Work required: Repeat the listing exactly, line by line, and leave the pictures behind.

Data:
------------
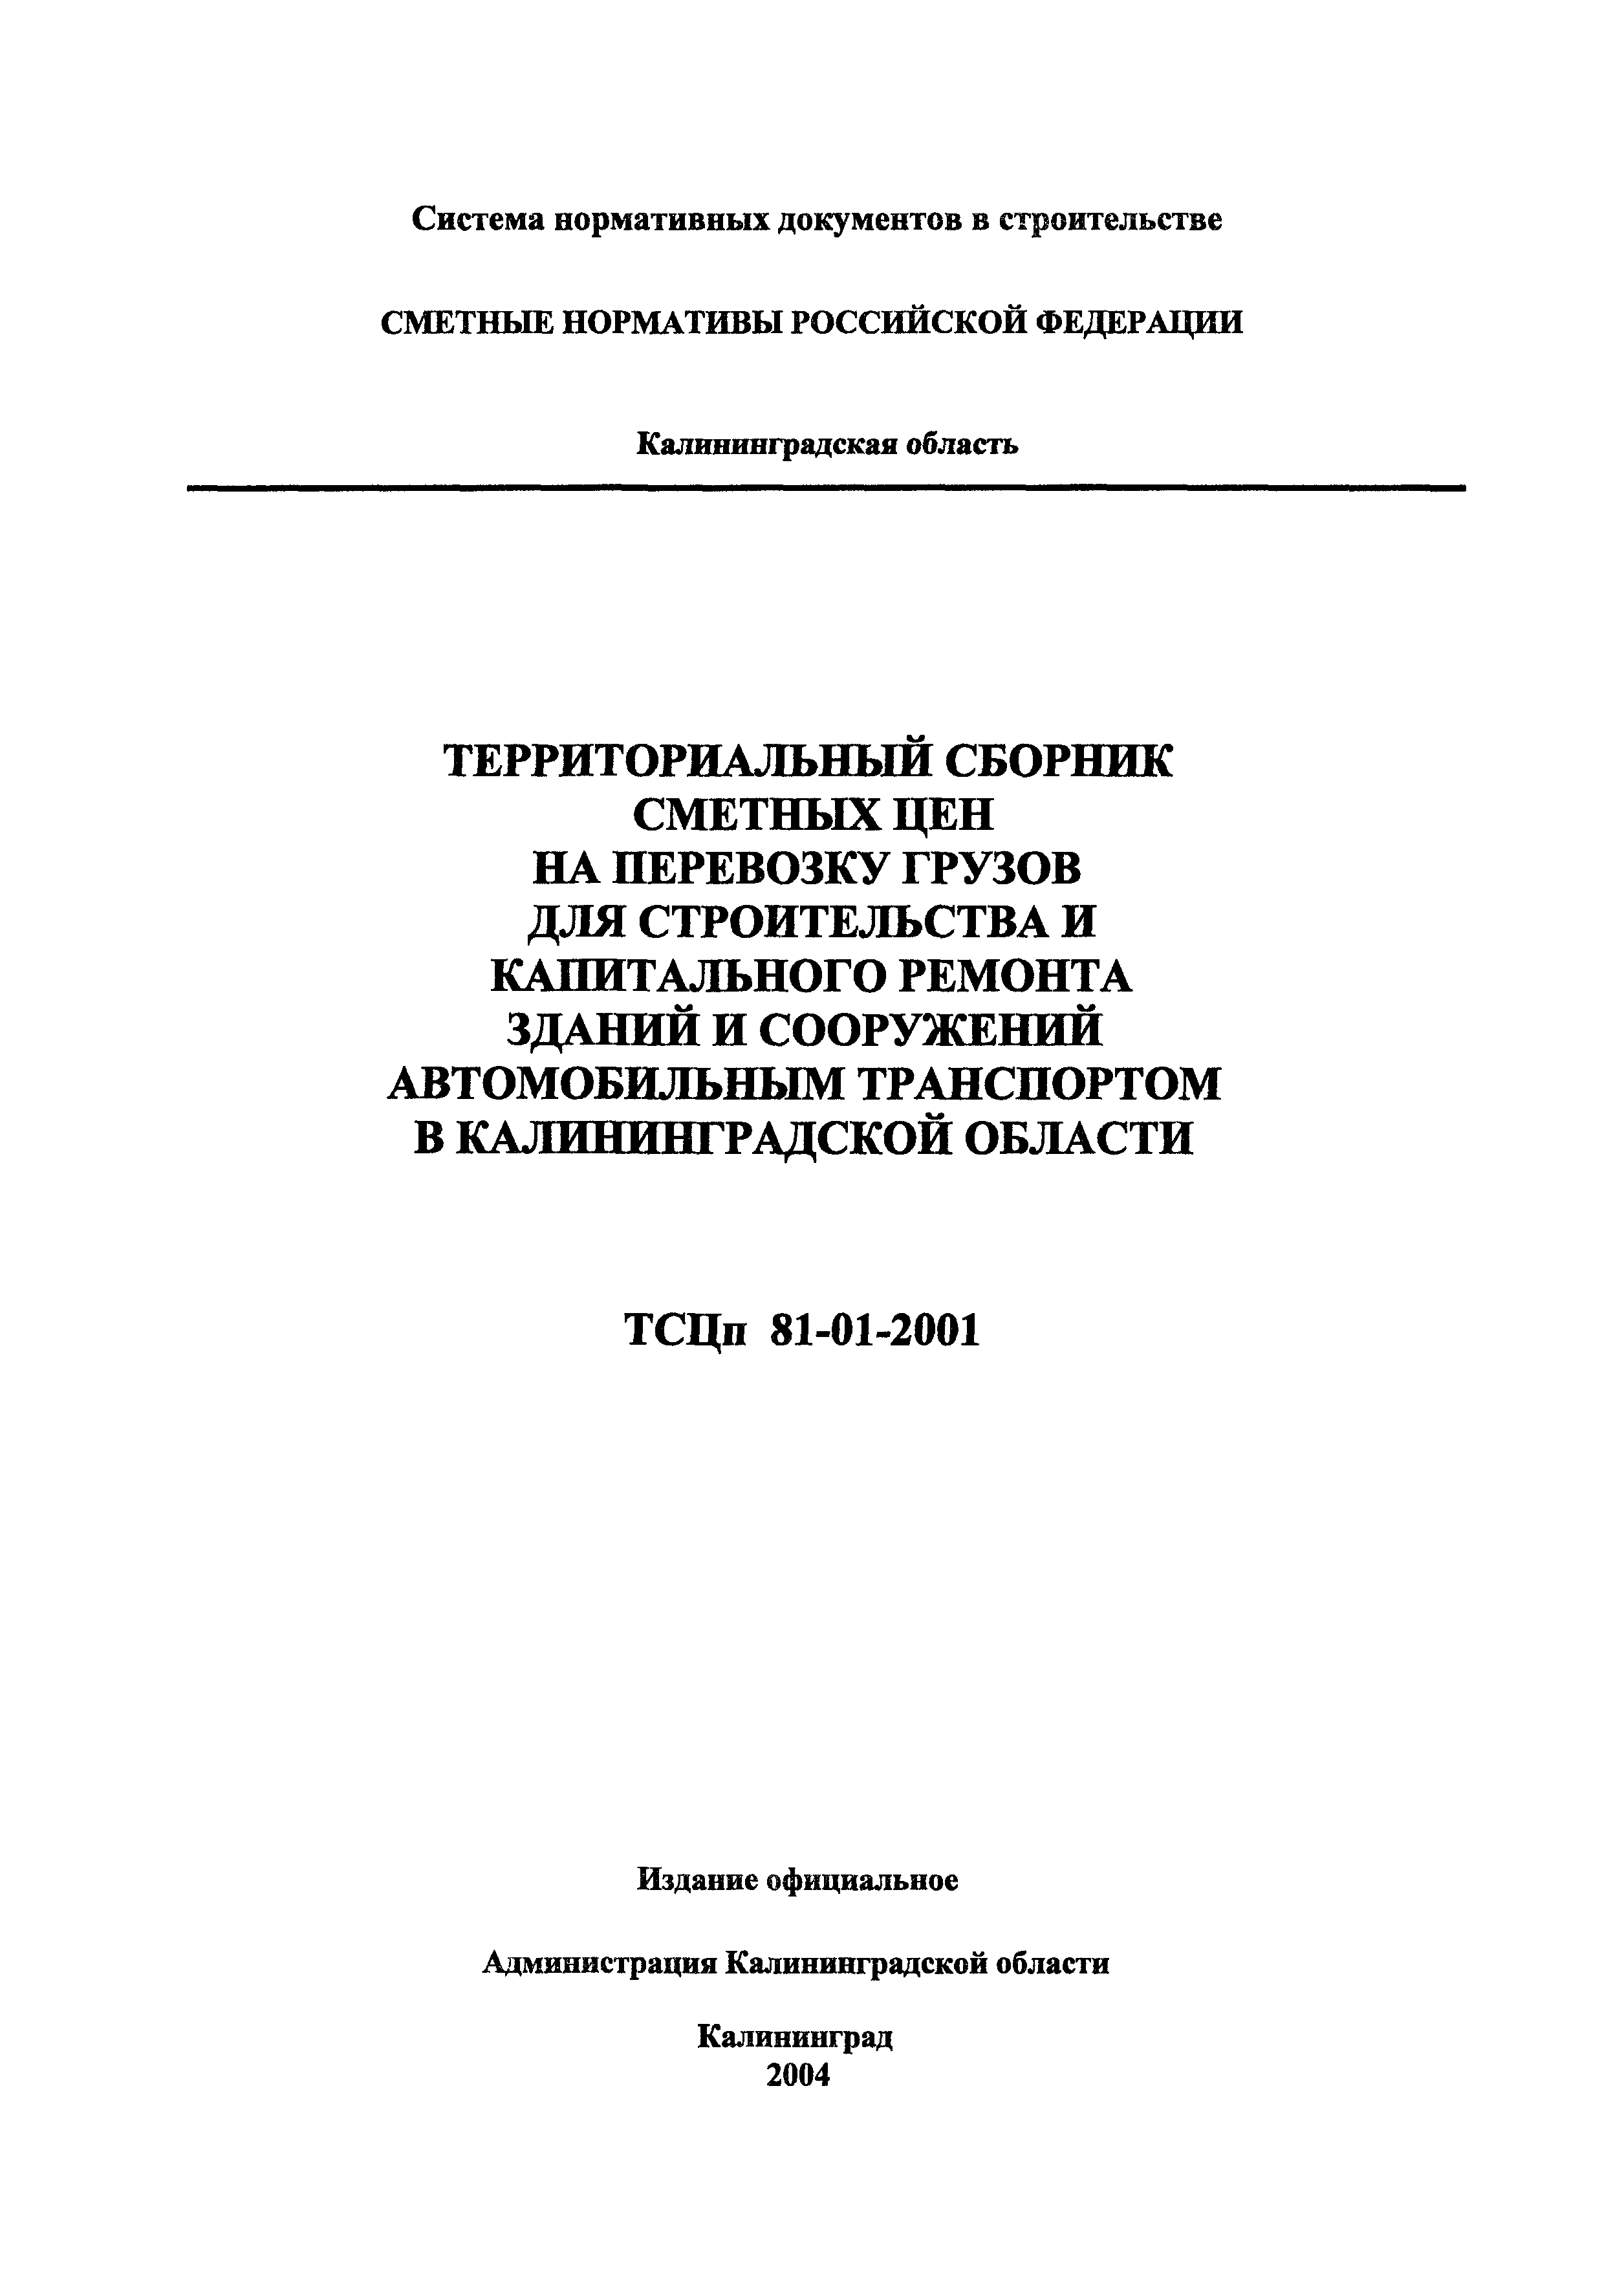 ТСЦп Калининградская область ТСЦп-2001
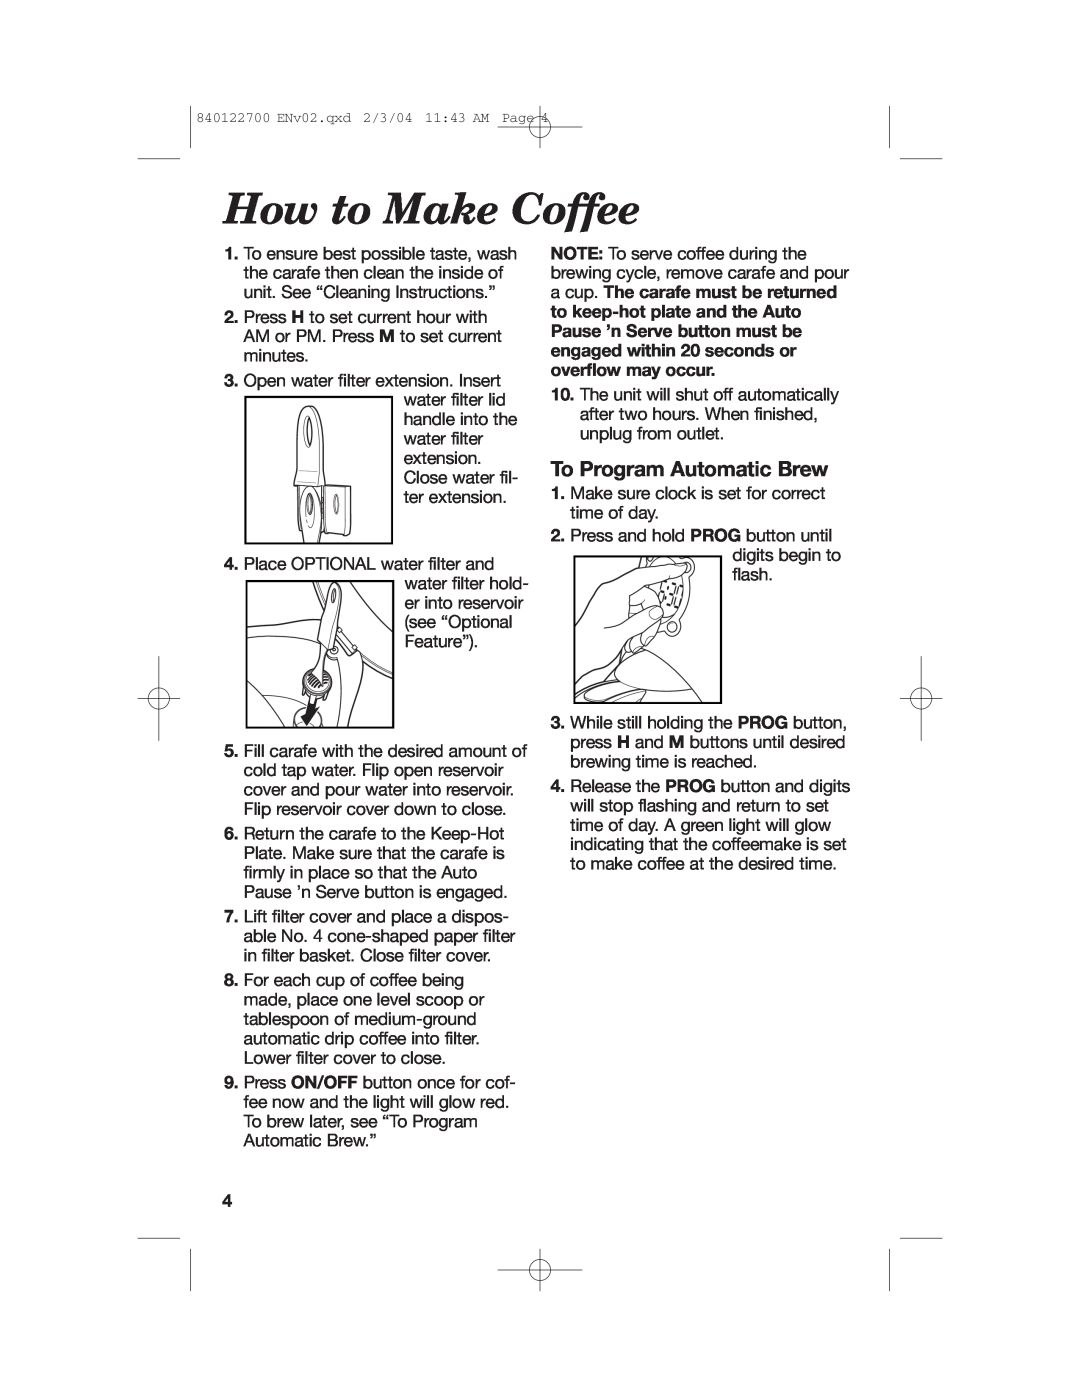 Hamilton Beach Coffemaker manual How to Make Coffee, To Program Automatic Brew 
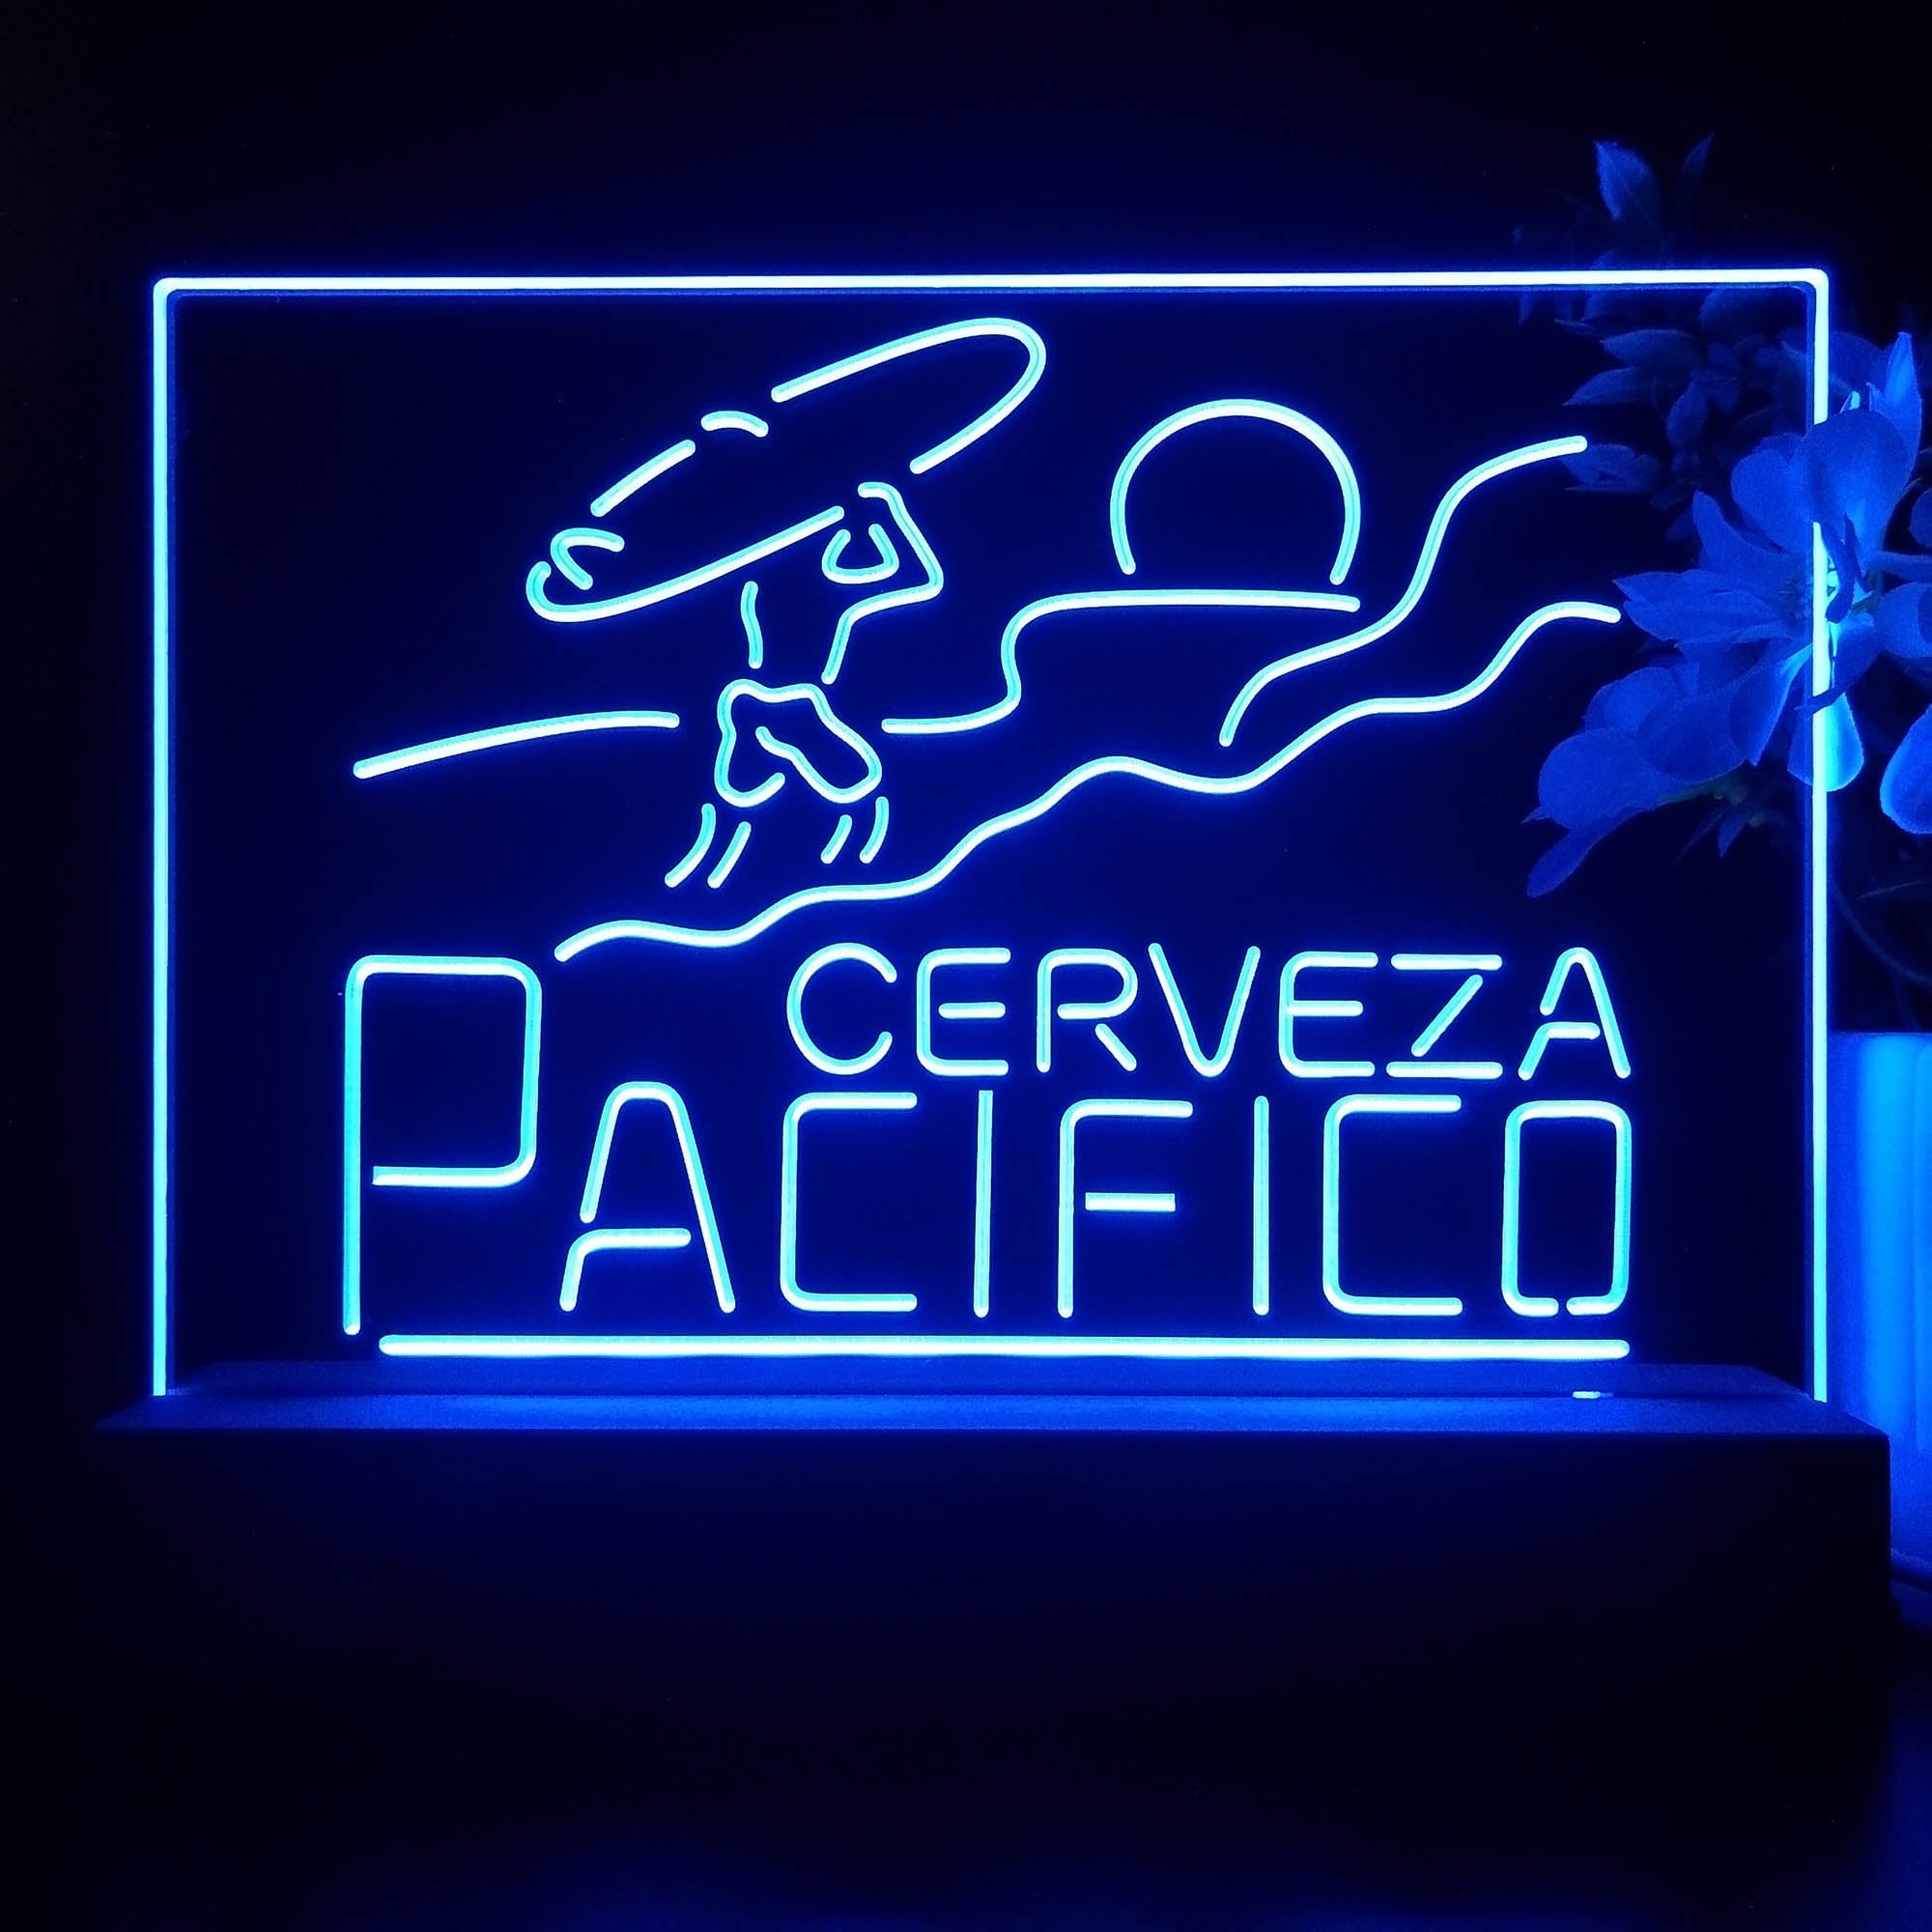 Pacifico Clara Mexican Cerveza Neon Sign Pub Bar Lamp
------------
Solution for this problem:
 ТСЦп Калининградская область ТСЦп-2001
 Hamilton Beach Coffemaker manual How to Make Coffee, To Program Automatic Brew 
 Pacifico Clara Mexican Cerveza Neon Sign Pub Bar Lamp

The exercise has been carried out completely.